Gerrit was down today

List overview All Threads
Download

newer

older

2016-10-12 Scrum of Scrums meeting...

2016W41 ArchCom-RFC meeting:...

Greg Grossmeier

7 Oct 2016 7 Oct '16

3:01 a.m.

(It wasn't just you)

Gerrit was down today starting around 17:49 UTC. It is now back up and services are coming back online.

A full investigation into the cause of the outage is still on-going.[0]

Apologies for the downtime.

WMF Release Engineering

[0] https://etherpad.wikimedia.org/p/gerrit-outage-20161006 But this is missing a lot of the information/discussion that is happening in #wikimedia-operations on Freenode. A link to the incident report will be pasted into that etherpad when it is created.

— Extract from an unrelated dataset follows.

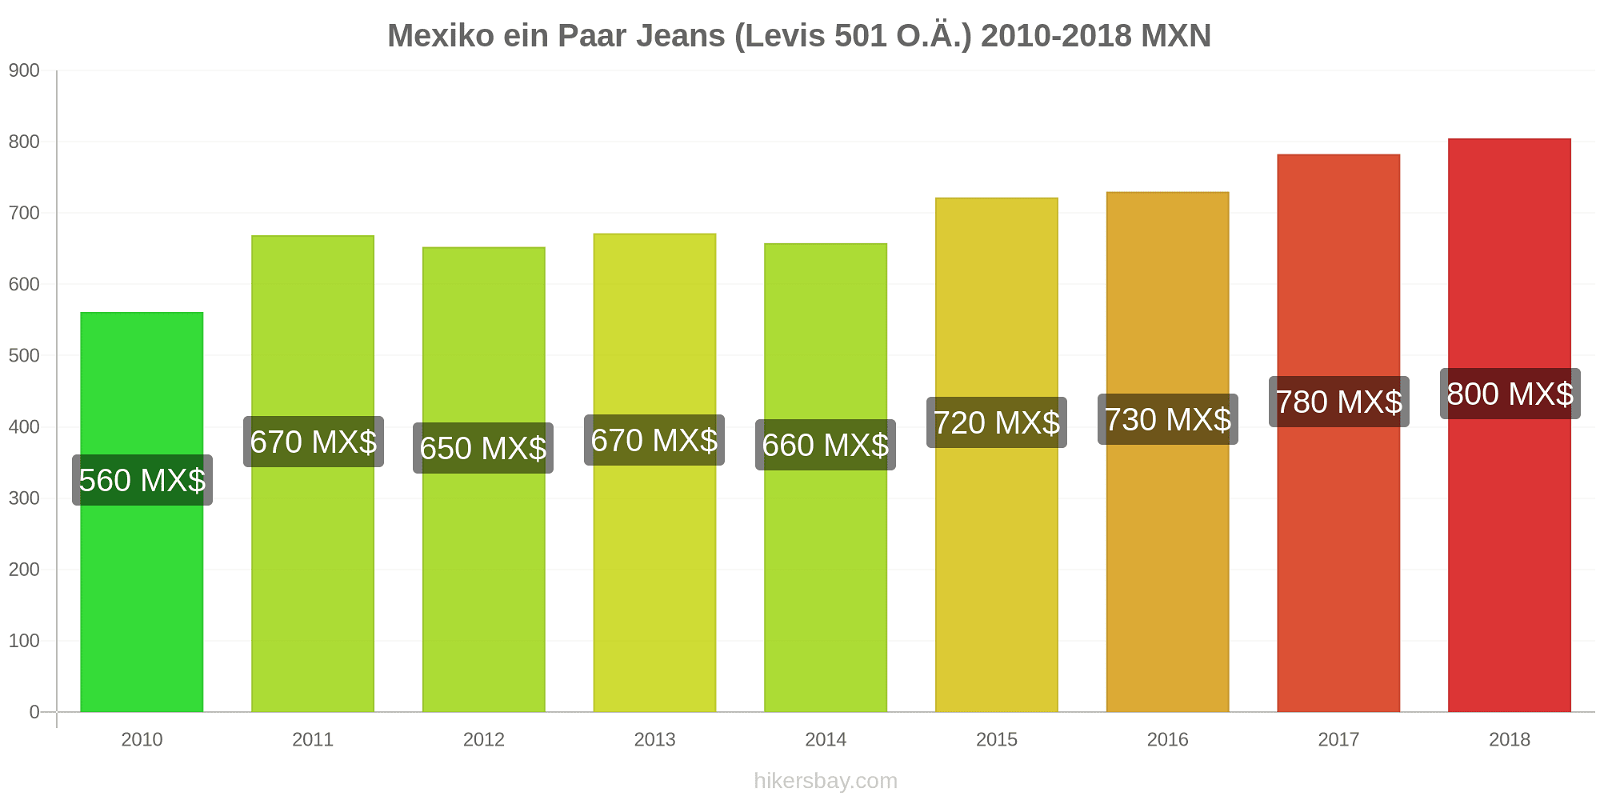 Mexiko Preisänderungen 1 Paar Jeans (Levis 501 oder ähnlich) hikersbay.com

-- | Greg Grossmeier GPG: B2FA 27B1 F7EB D327 6B8E | | Release Team Manager A18D 1138 8E47 FAC8 1C7D |

Show replies by date

Chad Horohoe

7 Oct 7 Oct

4:03 a.m.

New subject: [Engineering] Gerrit was down today

Hi!

Sorry for the extended downtime! From what we can tell, it appears as though the machine that Gerrit is running on (lead) is having some hardware issues that are making the CPU misbehave. We've worked around it for now, so things should be up (and Zuul is processing CI events just fine).

However, since it appears it's a hardware problem, we're planning to migrate off of lead to a new machine (cobalt). The public IP addresses will not be changing. The plan right now is to do this migration tomorrow with a scheduled downtime at 17:00UTC (10:00 PST).

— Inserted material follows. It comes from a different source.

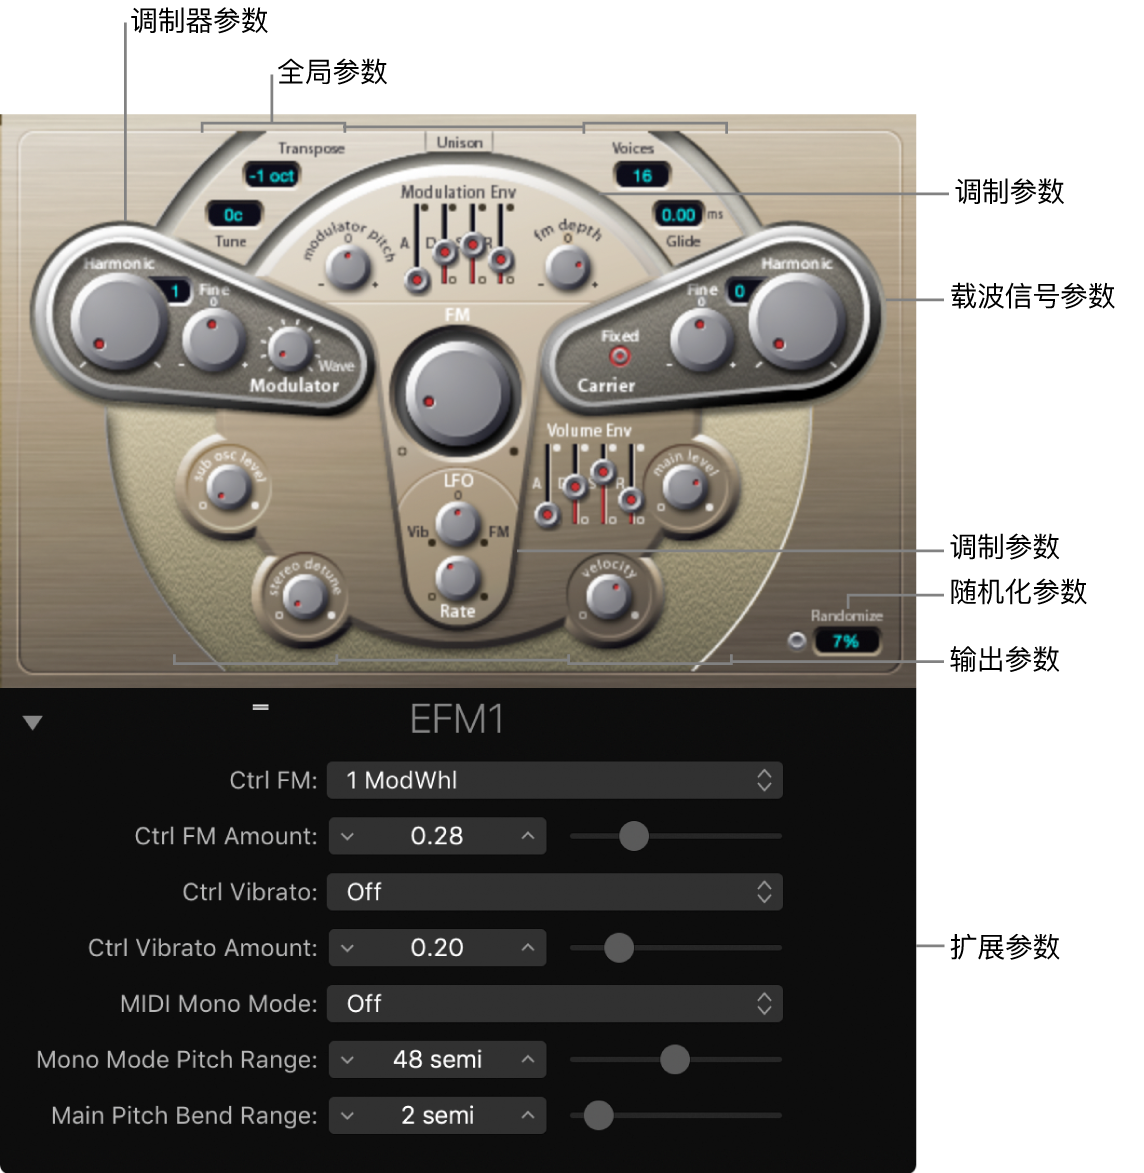 图。显示主界面区域的 EFM1 窗口。

We'll be keeping a close eye on things in the meantime, so if things deteriorate again we can start the migration sooner.

(and yeah, wikitech incident report to follow, I'm a little burnt out right now though)

Thanks again for bearing with us!

-Chad

On Thu, Oct 6, 2016 at 2:32 PM Greg Grossmeier greg@wikimedia.org wrote:

...

(It wasn't just you)

Gerrit was down today starting around 17:49 UTC. It is now back up and services are coming back online.

A full investigation into the cause of the outage is still on-going.[0]

Apologies for the downtime.

WMF Release Engineering

[0] https://etherpad.wikimedia.org/p/gerrit-outage-20161006 But this is missing a lot of the information/discussion that is happening in #wikimedia-operations on Freenode. A link to the incident report will be pasted into that etherpad when it is created.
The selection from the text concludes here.